We’ve all heard it…but what does Gandhi quote: Be the change you want to see in the world really mean?
We are so busy being other things, we can’t seem to figure out how to “be” the change. Every day we are so busy being other things; some of these things are things we really have to be: earthling, mother, father(you brought them into the world…you get the responsibility), and even a human being. Then there are the other things that we think we “have to” be: wife, husband, girlfriend, boyfriend, mate, rich, poor, angry, happy, in love, worker, part of the team, executive, lawyer, doctor, pilot, professor, and anything else you’re told you have to be. No matter what role or title you decide to take on, and whatever roles and responsibilities your birth affords you – you are an example and someone someone is looking up to or looking to you as an example.
That means your actions and ideals are an example to someone else, that makes you a teacher. This is the essence of what Ghandi was saying:
Since in some frame of reference you are a teacher, your actions are teaching people what to do, how to be a human, how to be a boy, how to be a man, how to be an adult, how to be a girl, how to be an employee, how to feel , and most importantly how to act! This idea of how to act is the most important responsibility that one can afford another. You the teacher teaches every person you are around, especially if they are young, how to “deal with” certain experiences, situations, and moments in their life.
To illustrate this idea a little better: I was taking a walk, something I enjoy doing as many evenings as I can, and I noticed there was a man in the middle of the street yelling at another man about a tree house that was being built in a dilapidated tree in a vacant lot. Man 1(we’ll call him Grog) was grunting and yelling, and it seemed that the words were not as important as the emotion he was outlying. Man 2 (we’ll call him Log) was standing on the sidewalk with no shirt on picking his belly button lint. There were 5 children who stopped playing tag behind Log when Grog began yelling. There was a small game of stick ball and an in depth tea party that was happening just down the street – all of which ended also ended when the yelling began. Screen doors opened and ladies walked out of a few houses waiting for either more yelling or abrupt actions. In all these men had 44 eyes on them…Class was in session. Today, your teachers will be Grog and Log.
Grog must have said something bad by the time I got to the men because Log leaped off the sidewalk and was now screaming slurs in Grog’s face so that the spittle was landing all over the big man’s face. Grog was at a breaking point with a face full of inadvertent spit, and the slurs and accusations that were flying all over and he pushed Log with such a force he was almost back at the sidewalk.
Log flew at Grog…… and that’s where we all met.

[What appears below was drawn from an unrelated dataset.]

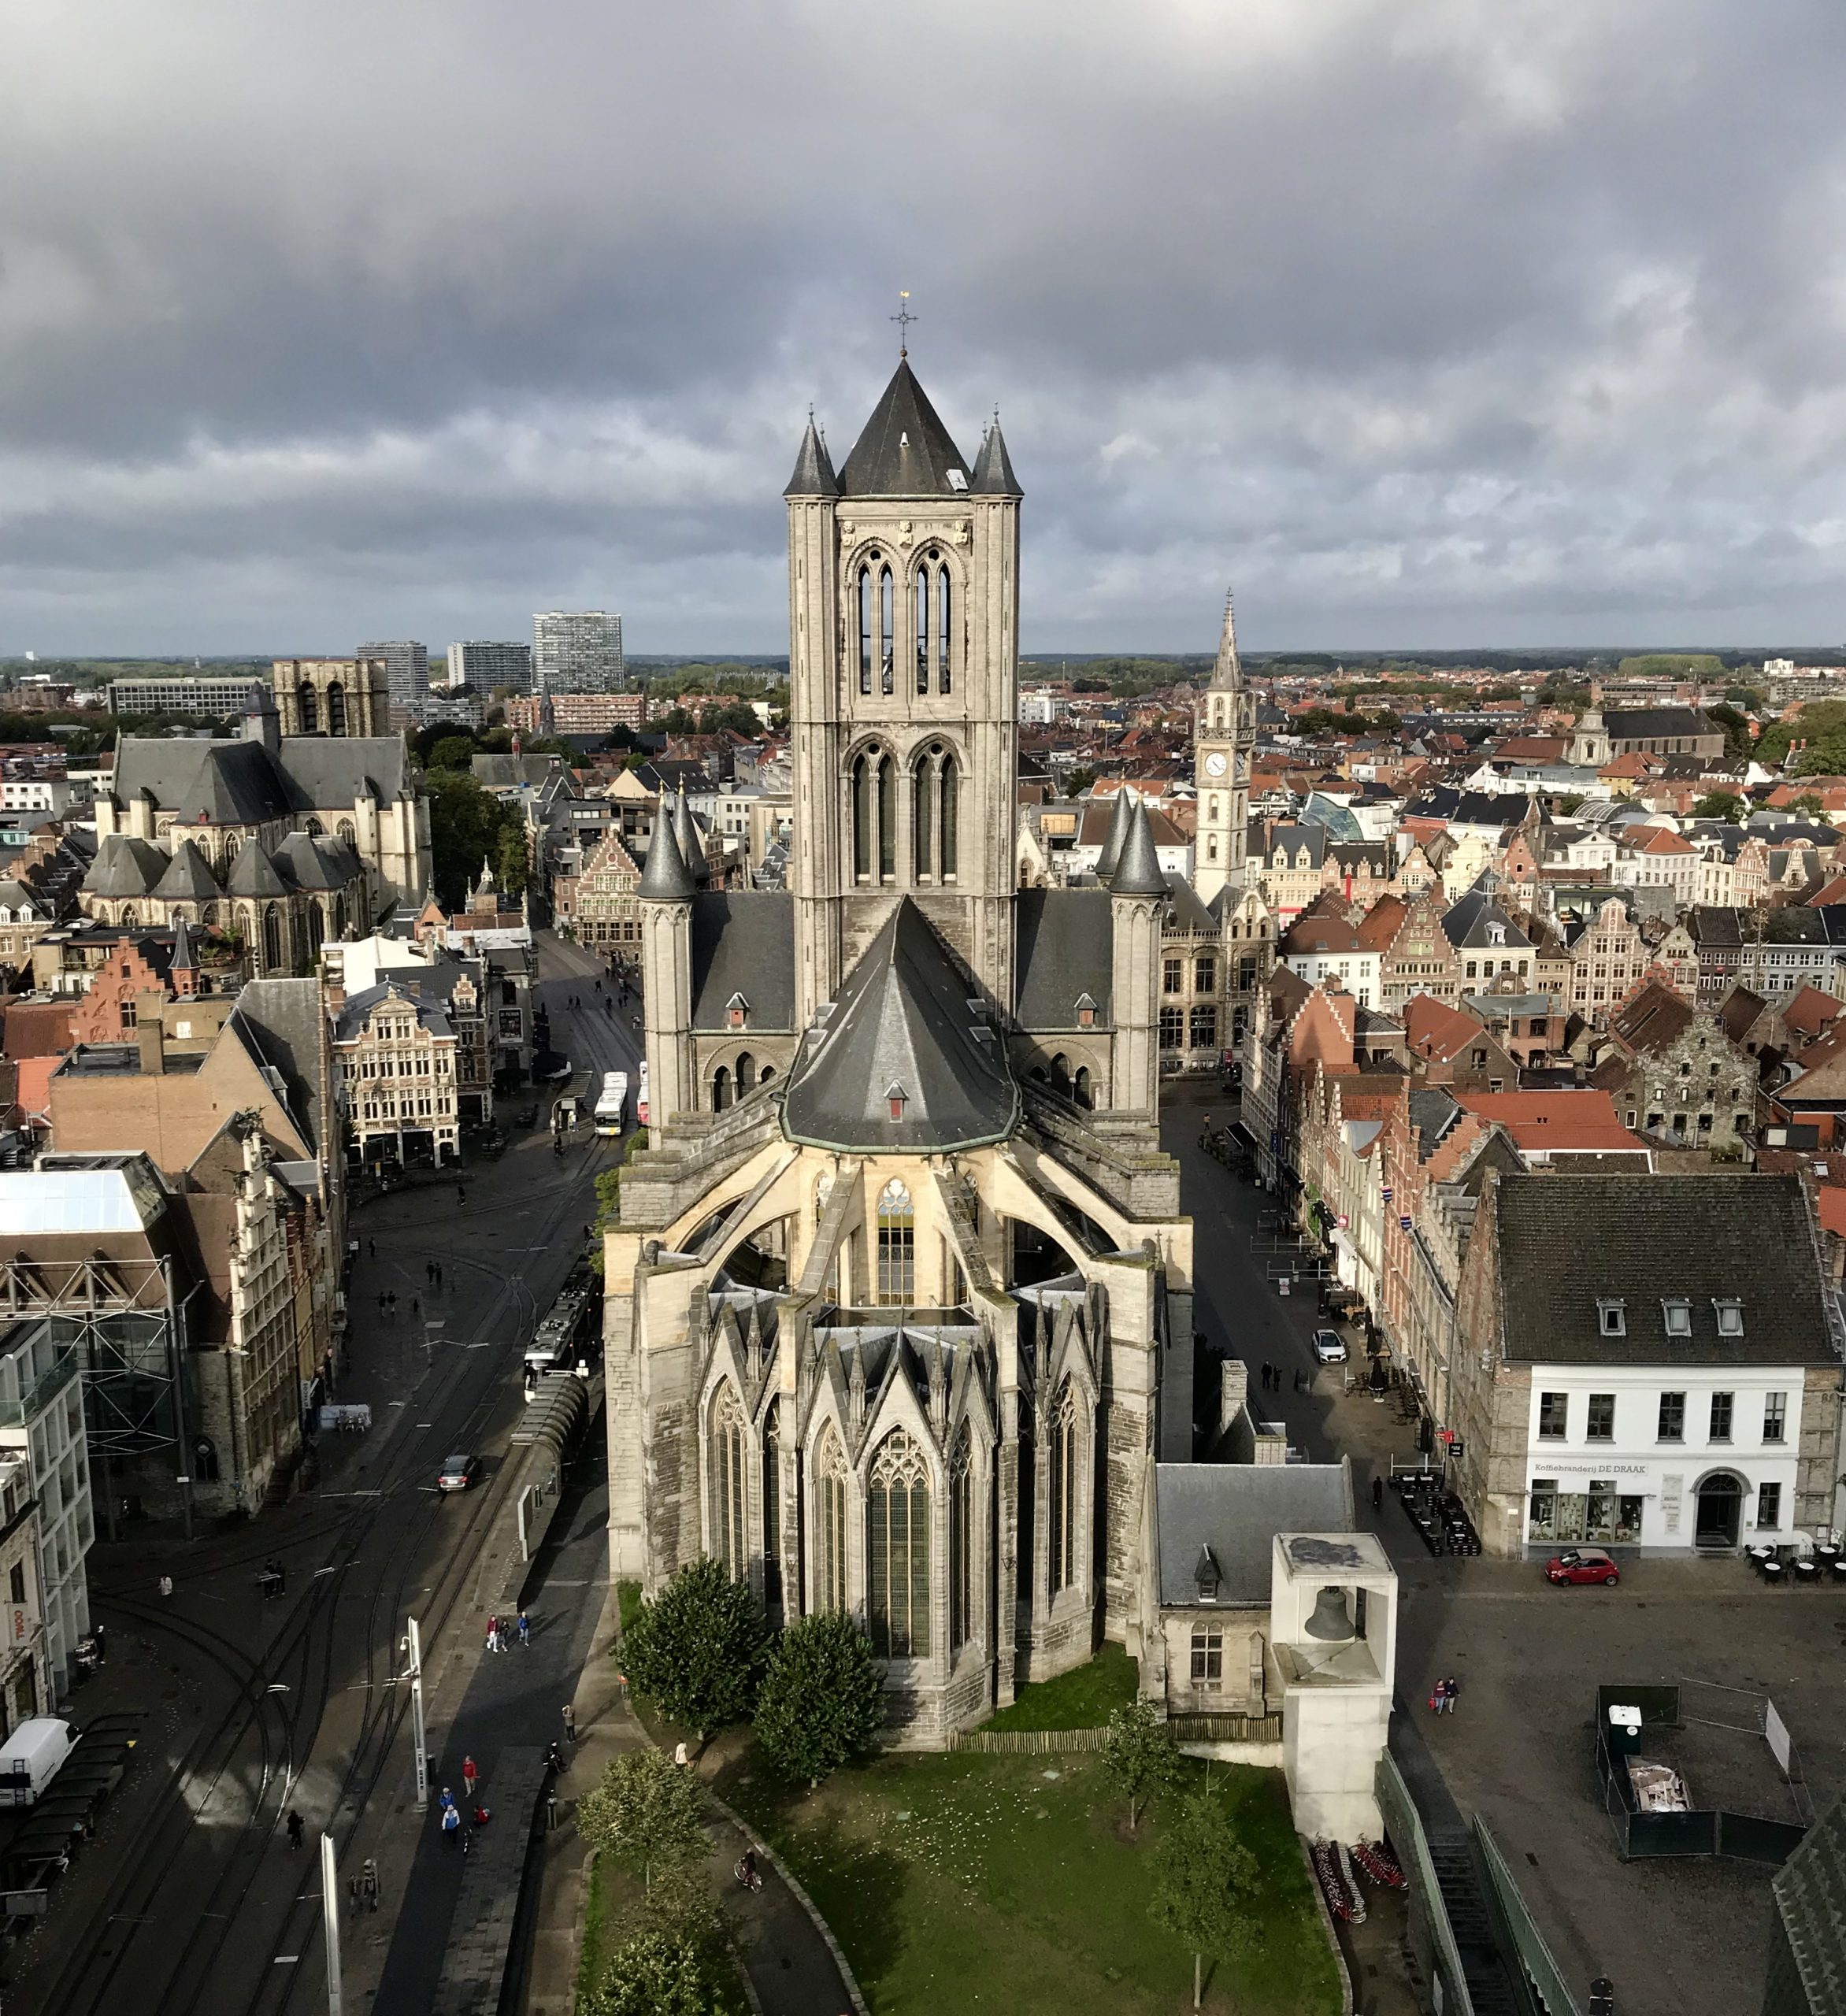 Sint-Niklaaskerk (Saint Nicholas Church) i Gent

By this time, the 44 eyes were now all making a small 200 foot ring around the two men and myself. I looked around me –
1 man twice my size yelling obscenities.
1 man twice my size running at the other man with anger in his eyes.

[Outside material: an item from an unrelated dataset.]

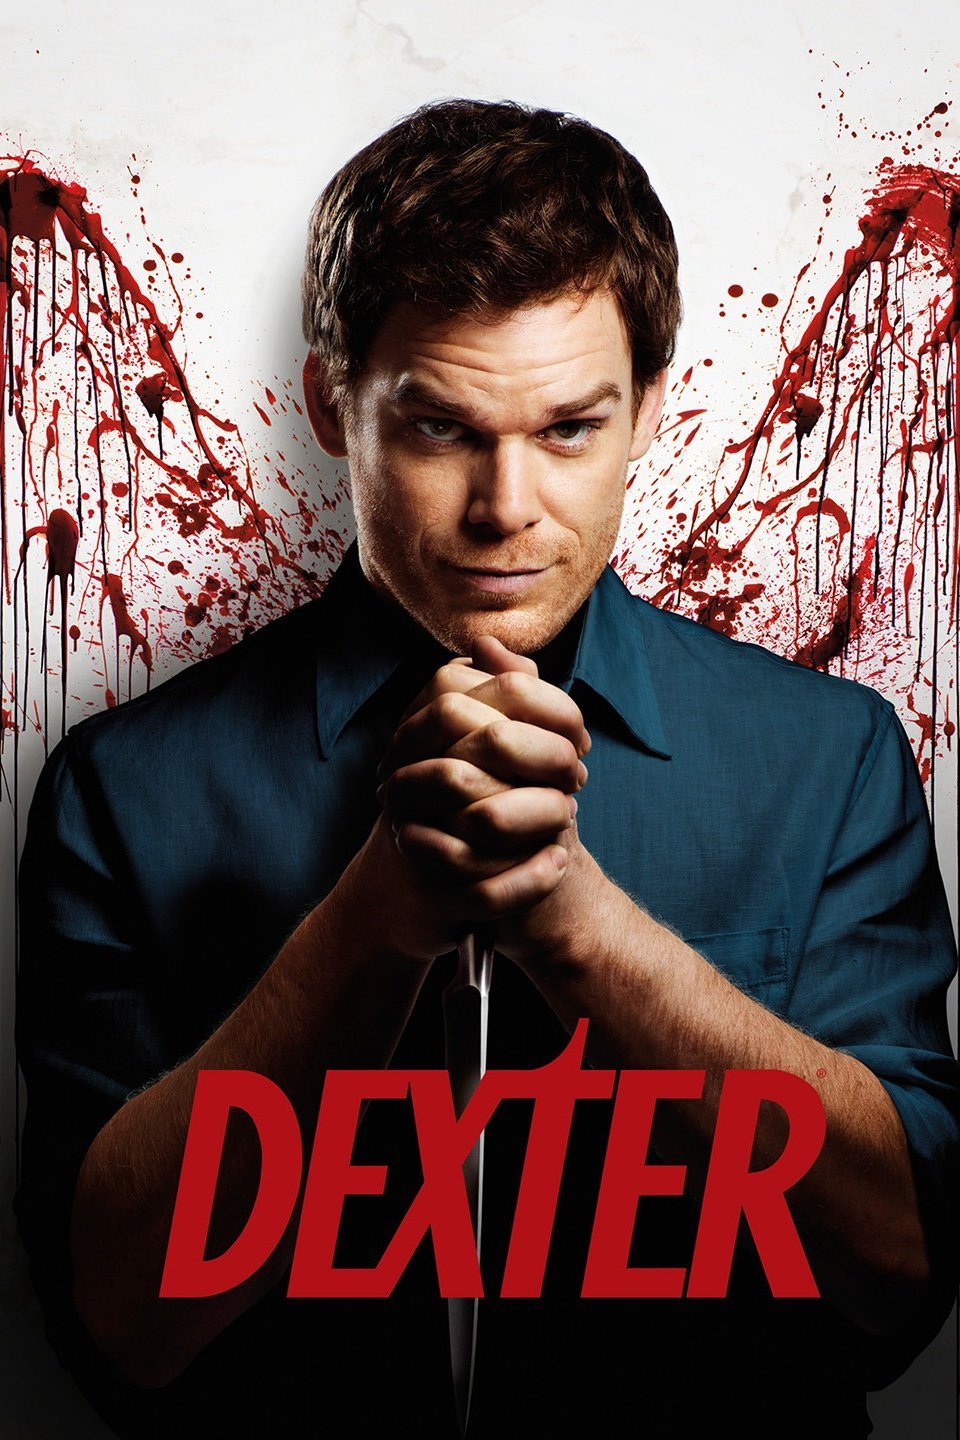 Dexter Season 2

22 students (Why do I call them students? Read on…this is the essence of the quote)
I spun around and stepped in front of the man running. He told me to “get the fuck out of the way”. Grog stepped up and yelled for me to let “that little pussy who didn’t know the last thing about building a tree house” come at him so he could rearrange his face. I looked at Grog and Log who were adamant that this was not my concern, it was not my business, and unless I wanted to get killed…I should move. A couple of the ladies, I assumed they were their wives, yelled at me to move for my own health.
I wasn’t moving so they just walked around me. I asked them one question:
You see the eyes watching you…is this what you want to show them?

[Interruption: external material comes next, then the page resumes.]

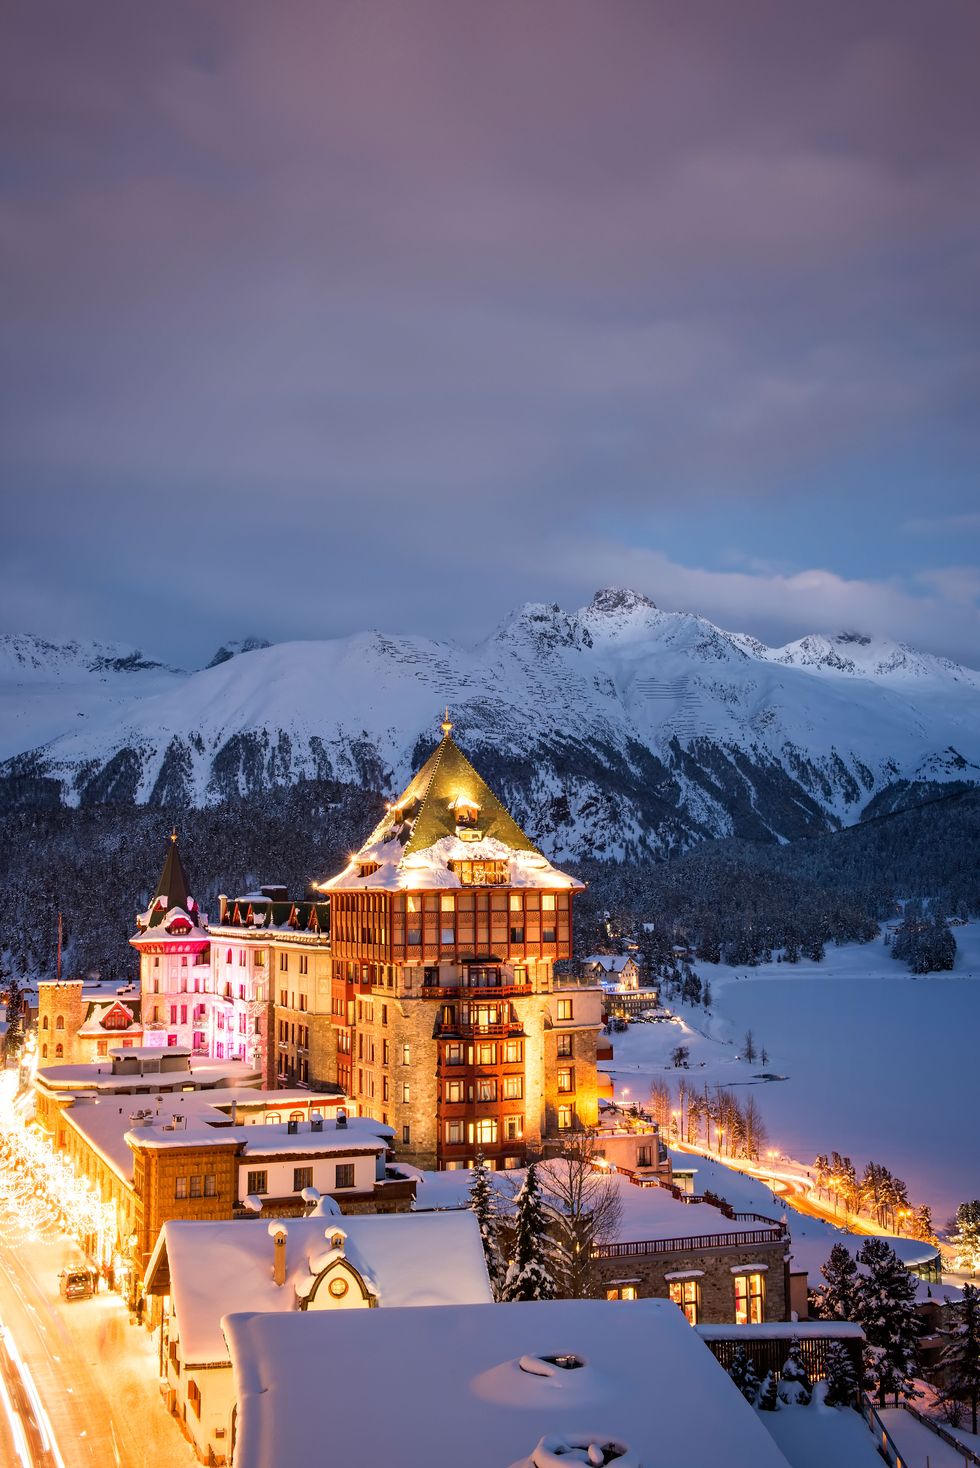 What to Do in St. Moritz January 2019 - St. Moritz Travel Guide

They both answered that it was a good lesson to watch one man beat the other man to show that the other person was the bad person. I smiled and laughed…this stopped them both.
“Let me get this right,” I began. “You’re two are going to sit here and scream at each other like two teenagers who have no ability to control their emotions. You’re two grown men acting like children who are fighting over a toy. So what are you teaching these 44 eyes watching every move you two are making:
1)If you disagree with someone yelling and anger is the solution and how you deal with it.
2) If screaming doesn’t work, or get you the things you want, or doesn’t make you feel good enough – violence is the answer.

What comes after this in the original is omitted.